The answer is the exact run of lines in the listing below from the line containing "A white / grey" up to and including the line containing "Dolce & Gabbana’s", with pictures removed.

_ _ _ _ _

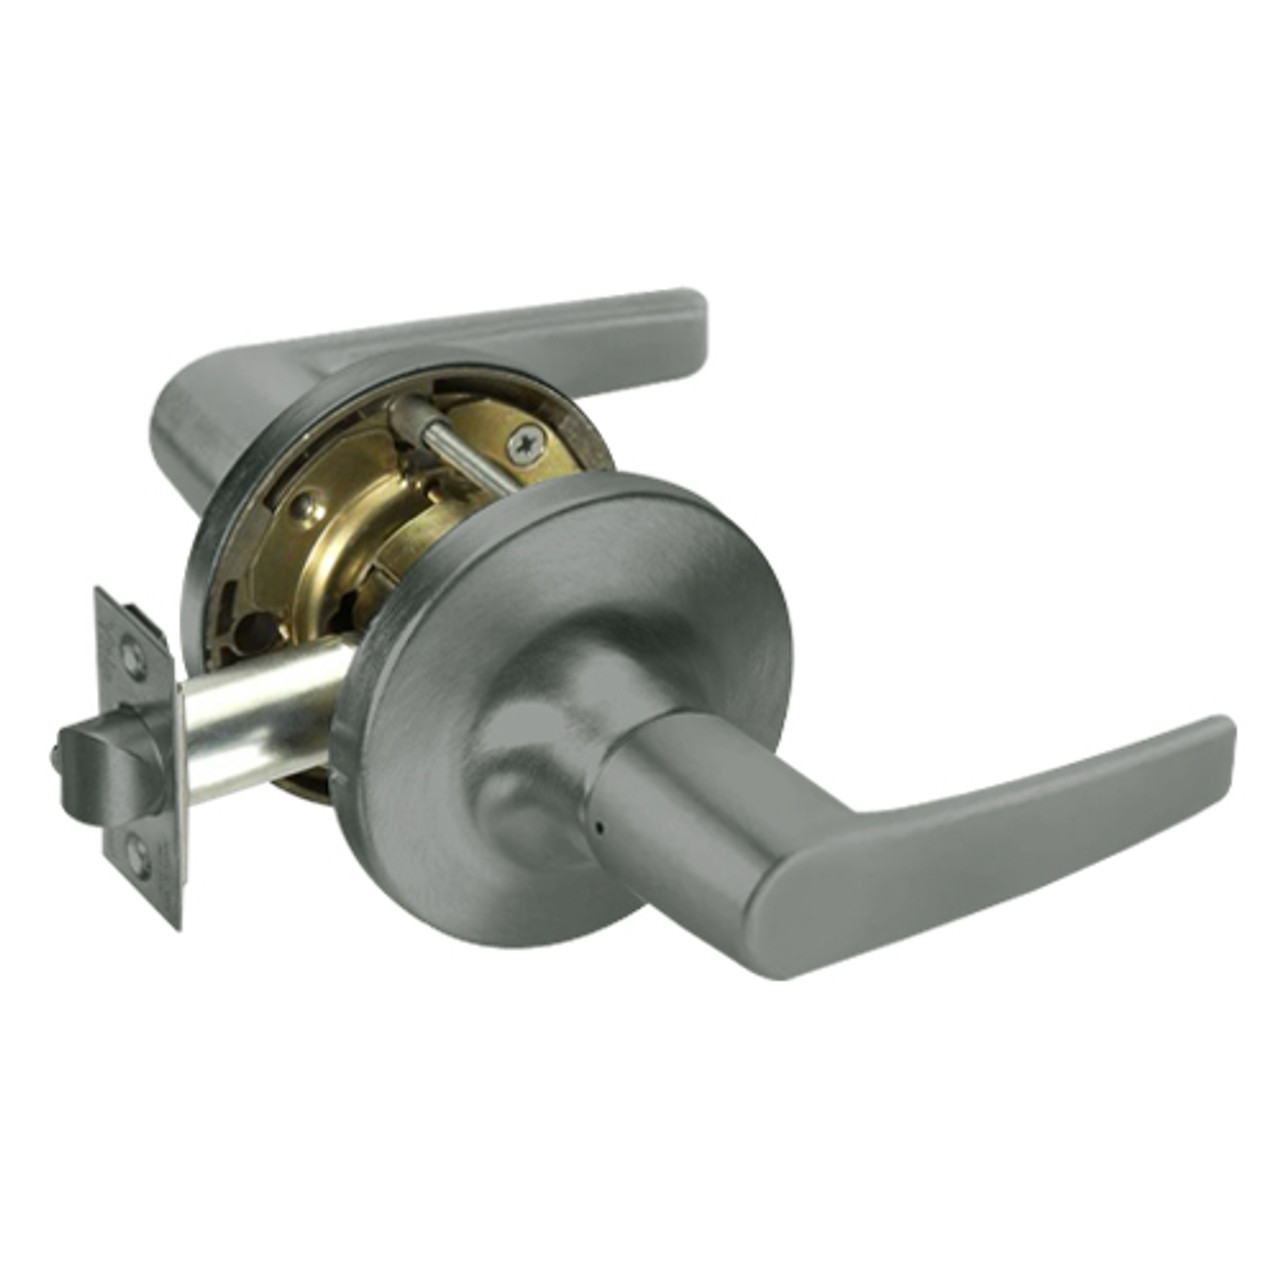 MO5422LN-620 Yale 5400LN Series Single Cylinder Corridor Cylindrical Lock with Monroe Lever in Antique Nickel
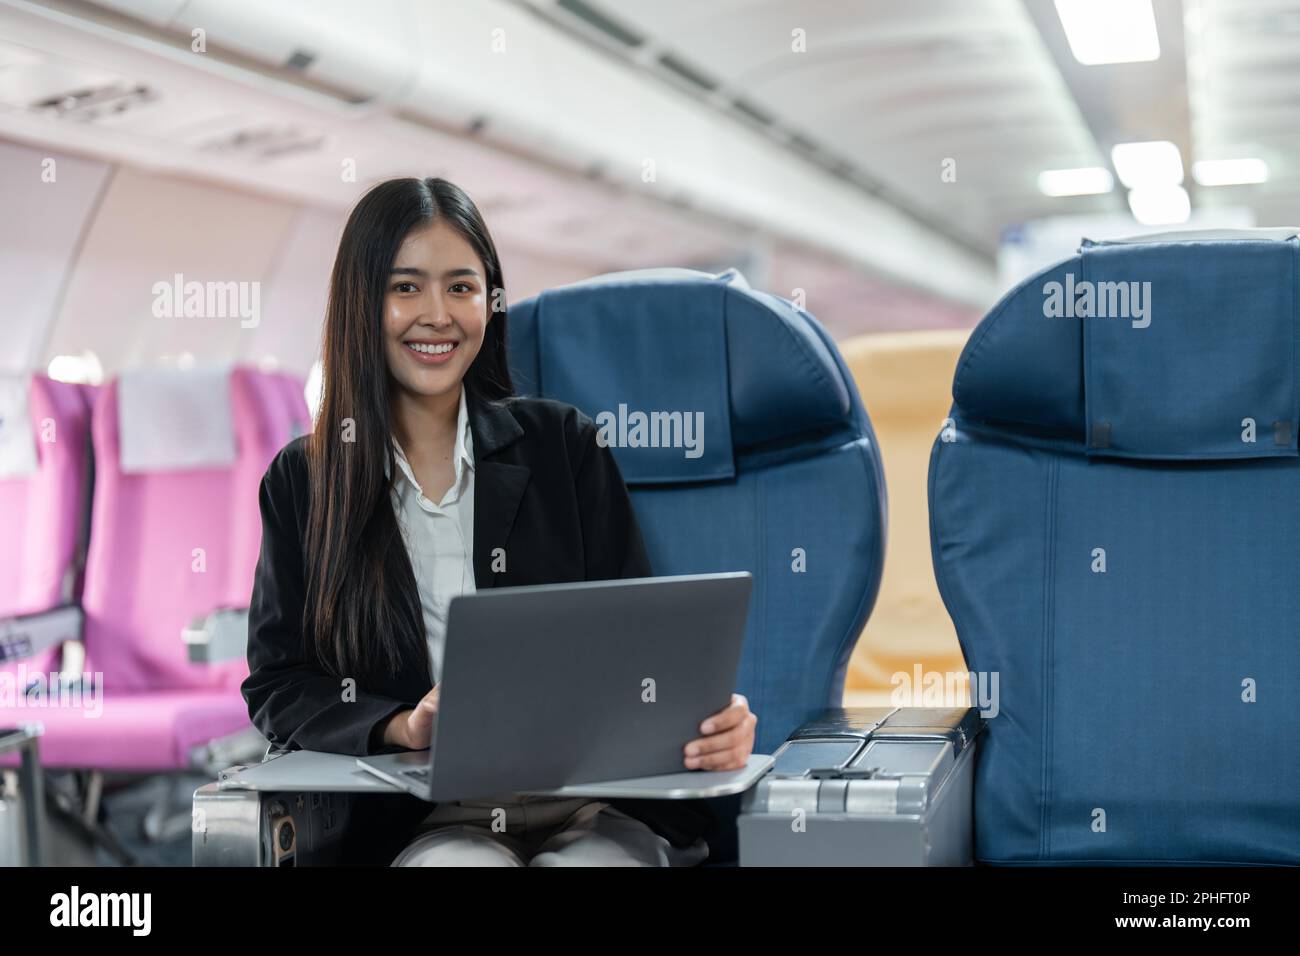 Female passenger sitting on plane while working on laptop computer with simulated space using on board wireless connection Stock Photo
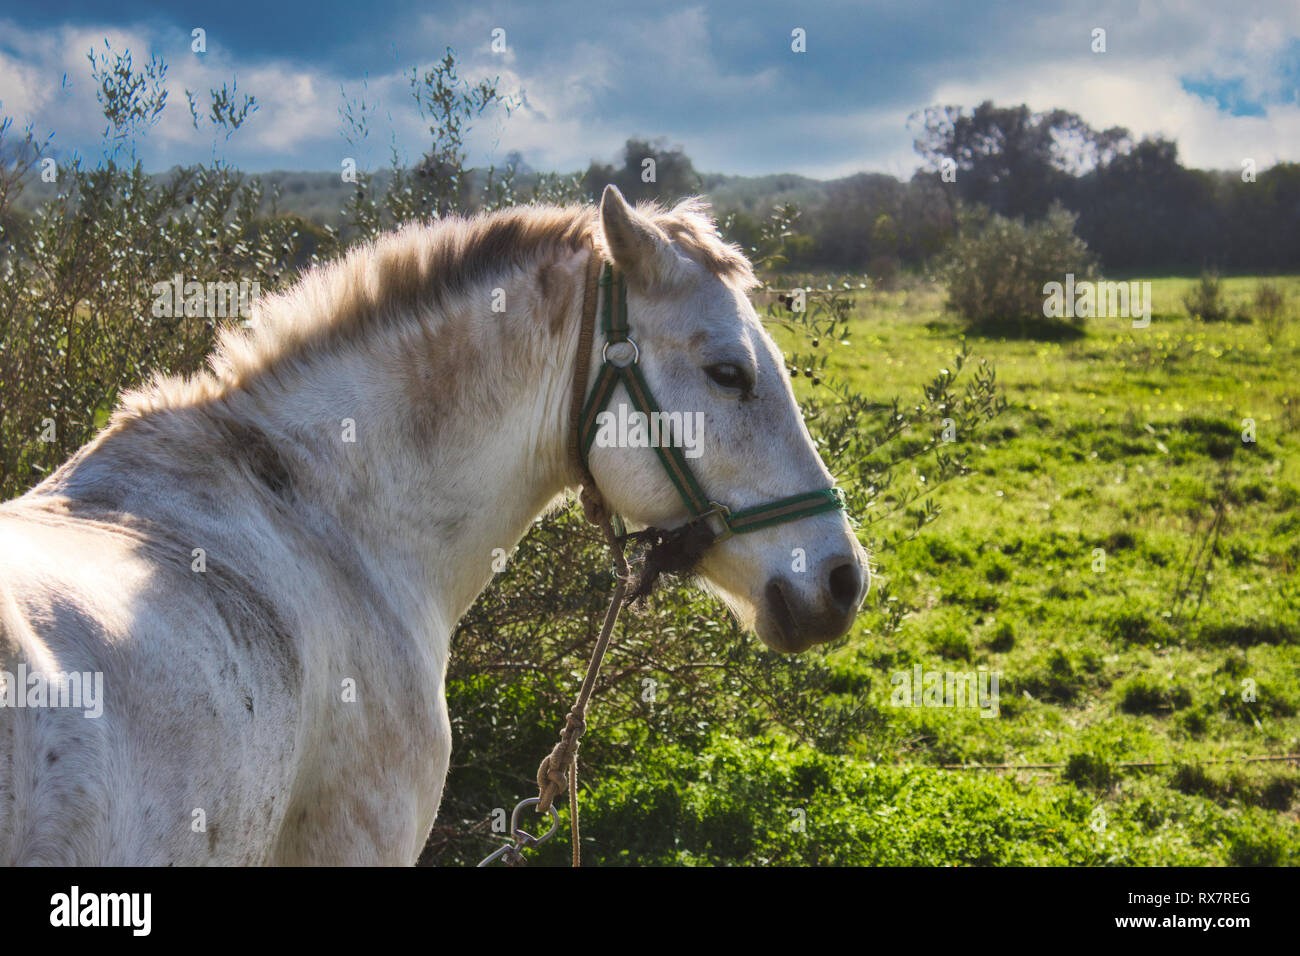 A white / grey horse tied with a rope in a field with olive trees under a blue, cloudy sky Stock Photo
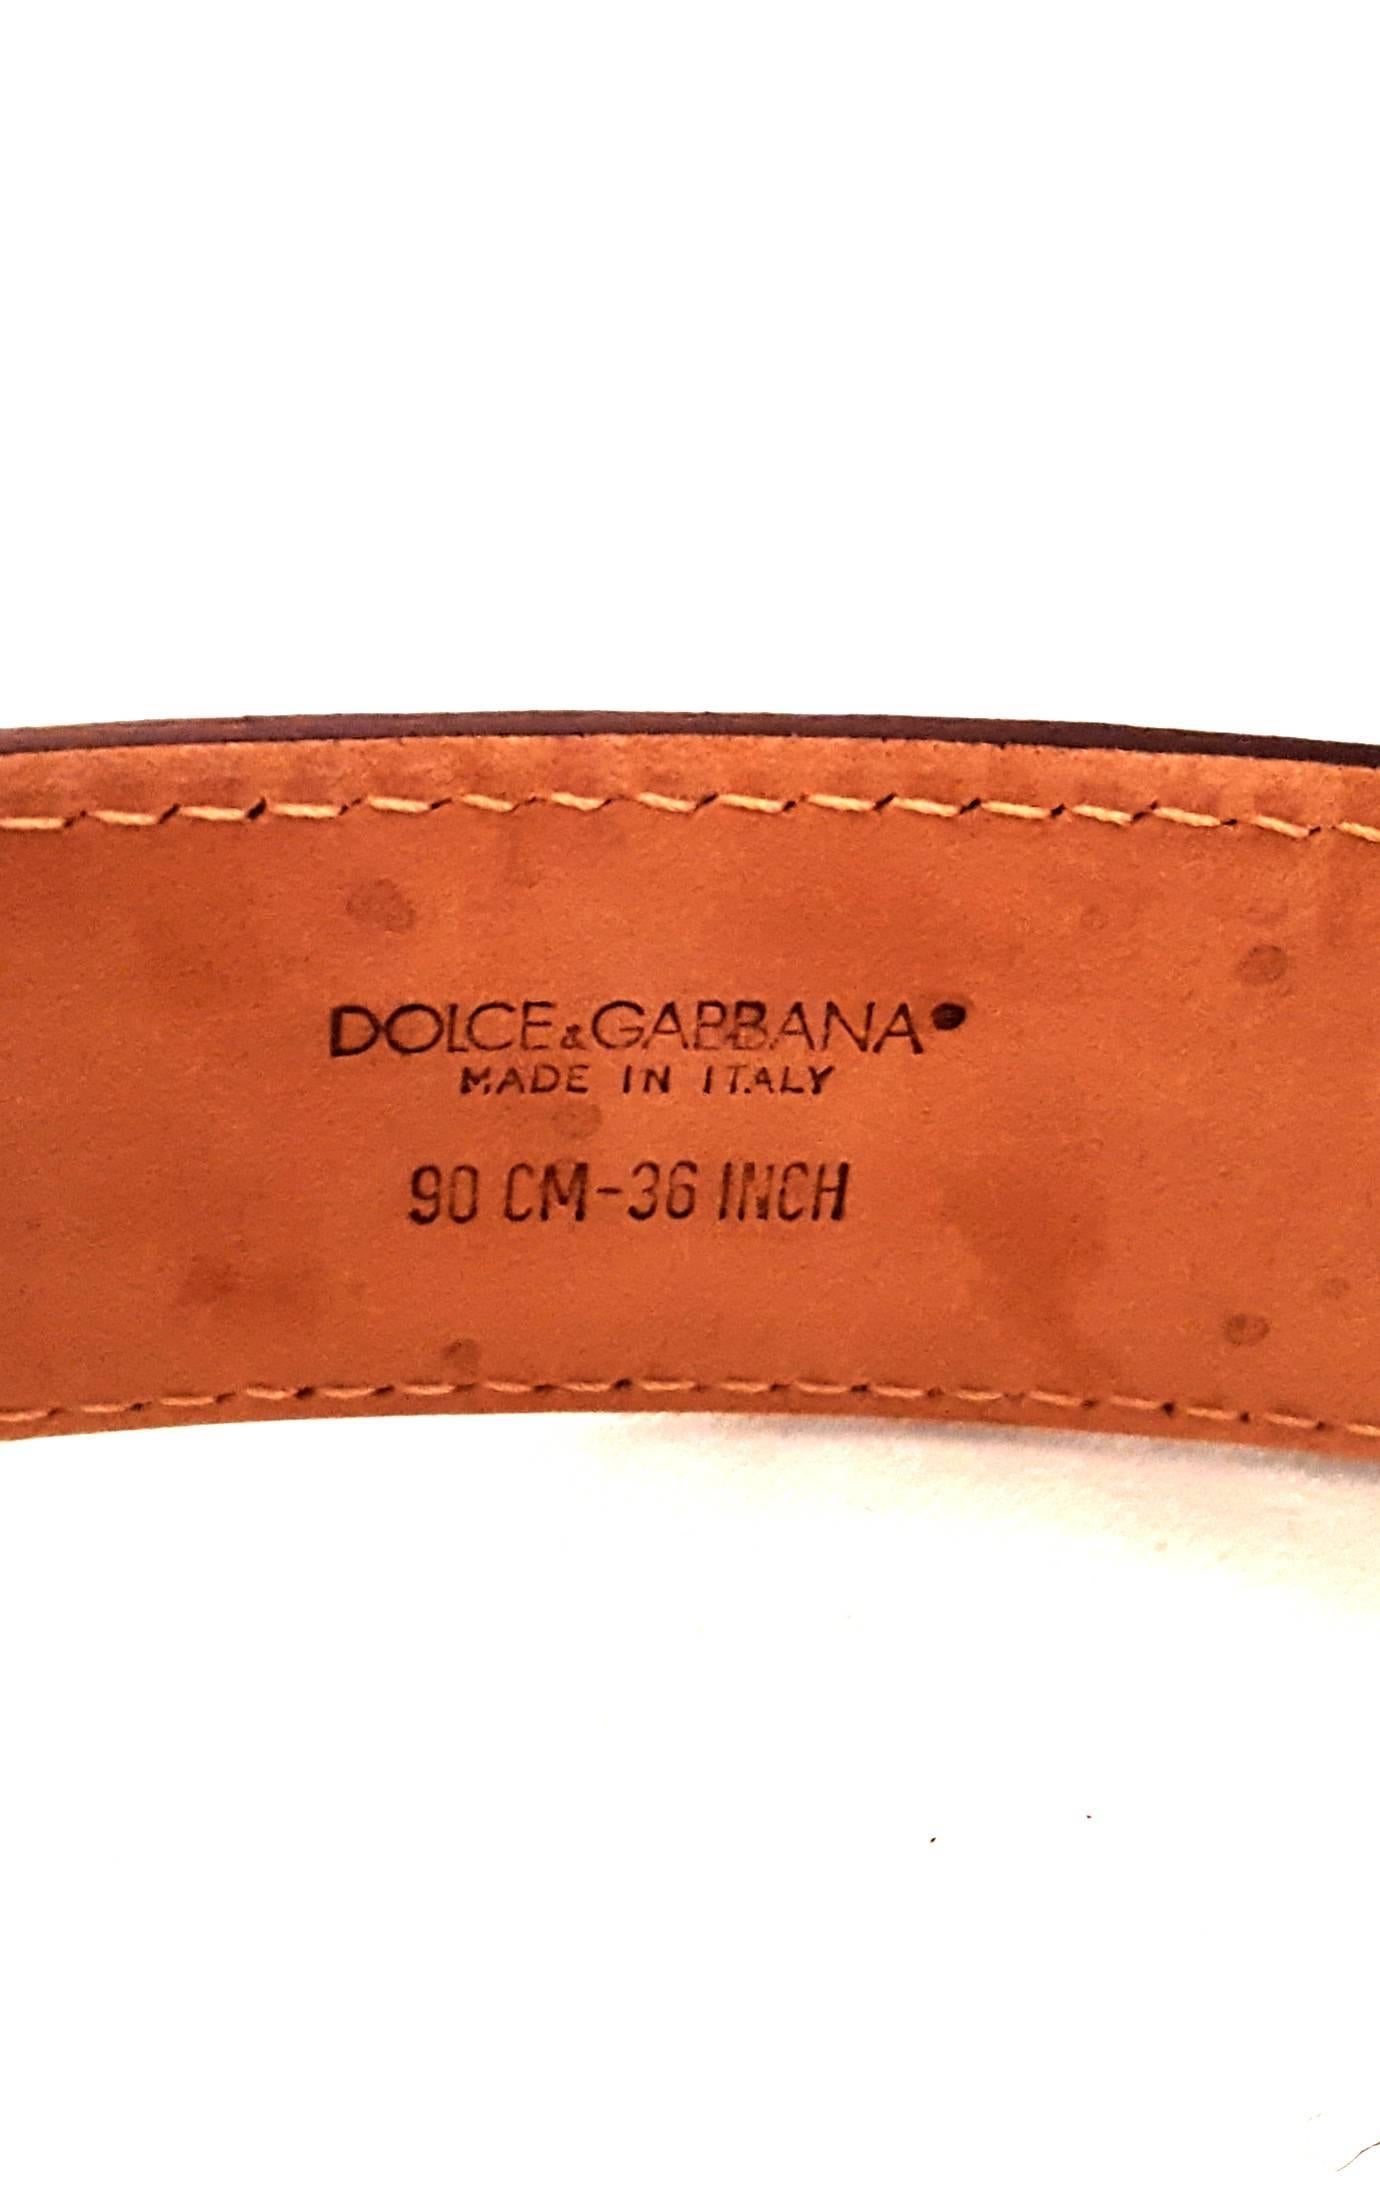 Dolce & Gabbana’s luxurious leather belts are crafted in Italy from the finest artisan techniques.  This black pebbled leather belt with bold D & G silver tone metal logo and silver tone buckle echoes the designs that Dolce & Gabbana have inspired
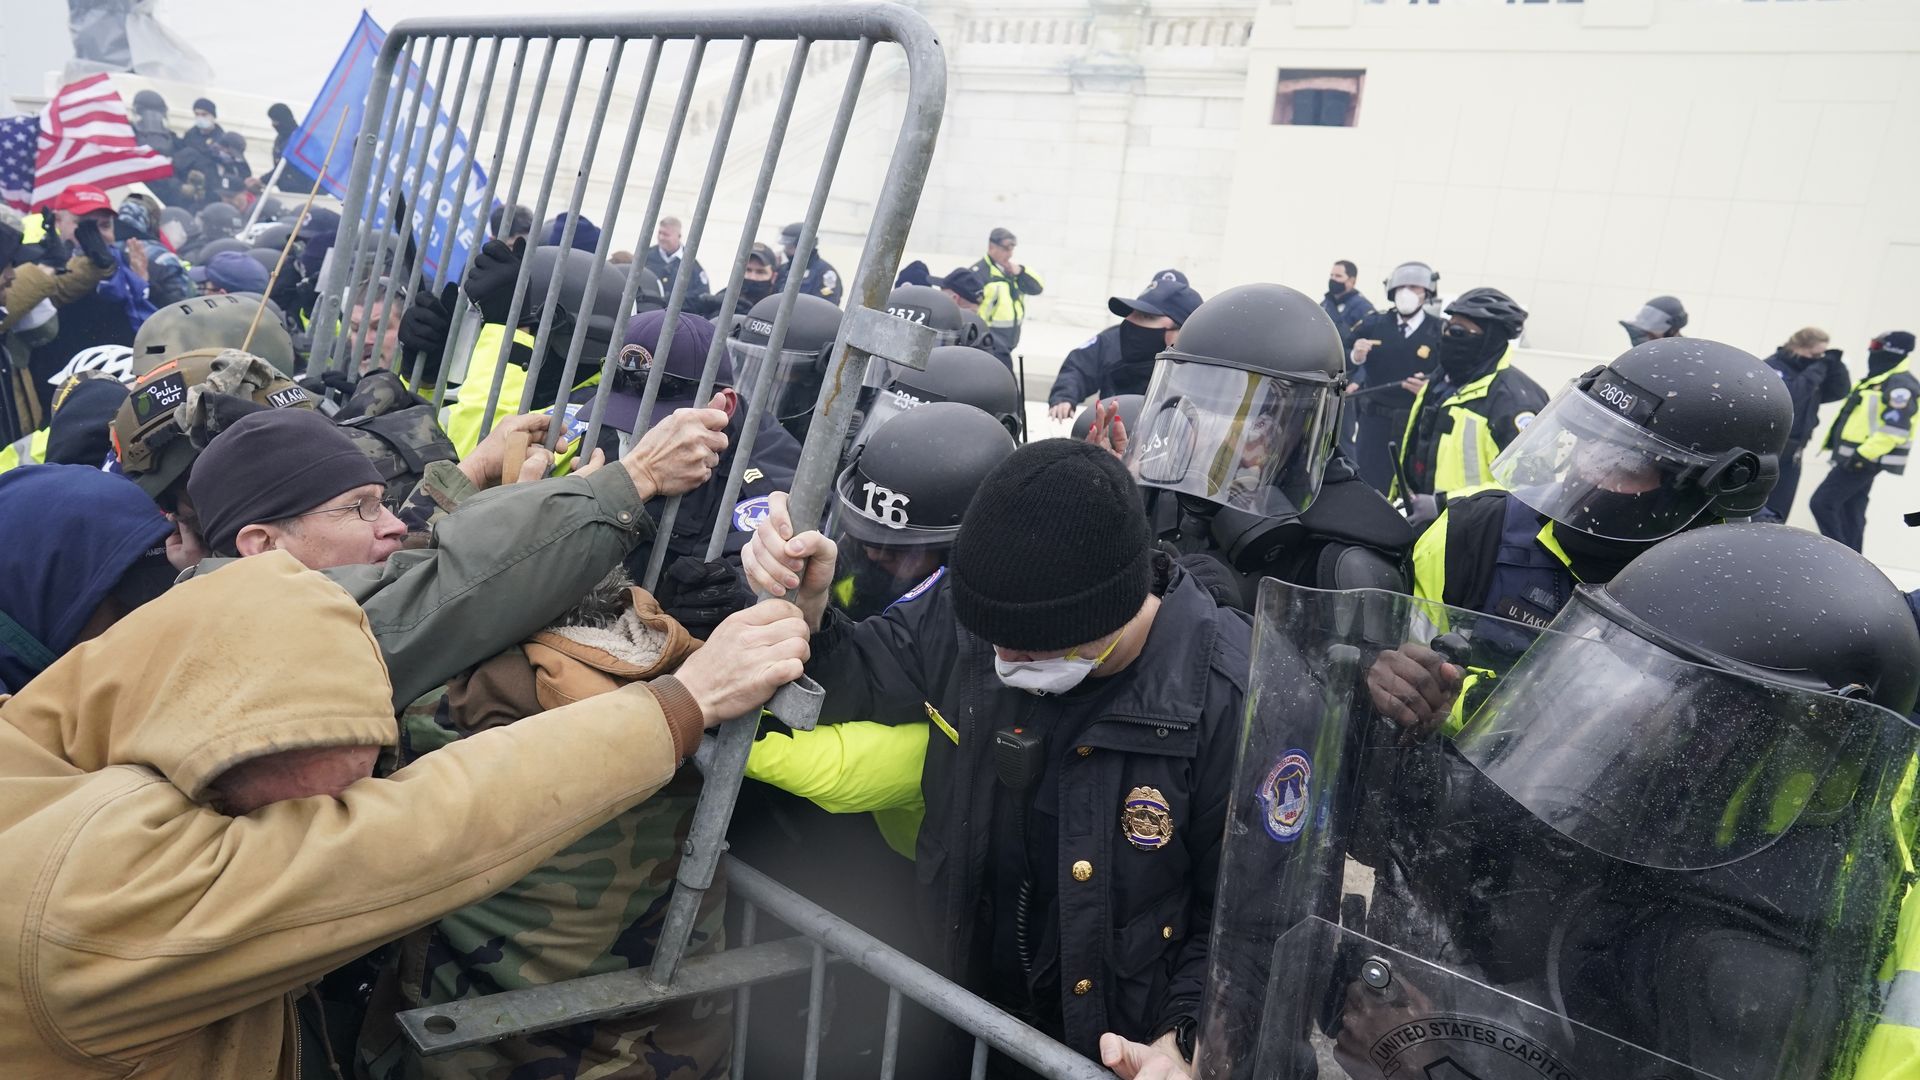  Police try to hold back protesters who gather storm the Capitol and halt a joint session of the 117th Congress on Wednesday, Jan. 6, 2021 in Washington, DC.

_ _ _ _ _

• Response area
 A white / grey horse tied with a rope in a field with olive trees under a blue, cloudy sky Stock Photo
 Dolce & Gabbana’s luxurious leather belts are crafted in Italy from the finest artisan techniques.  This black pebbled leather belt with bold D & G silver tone metal logo and silver tone buckle echoes the designs that Dolce & Gabbana have inspired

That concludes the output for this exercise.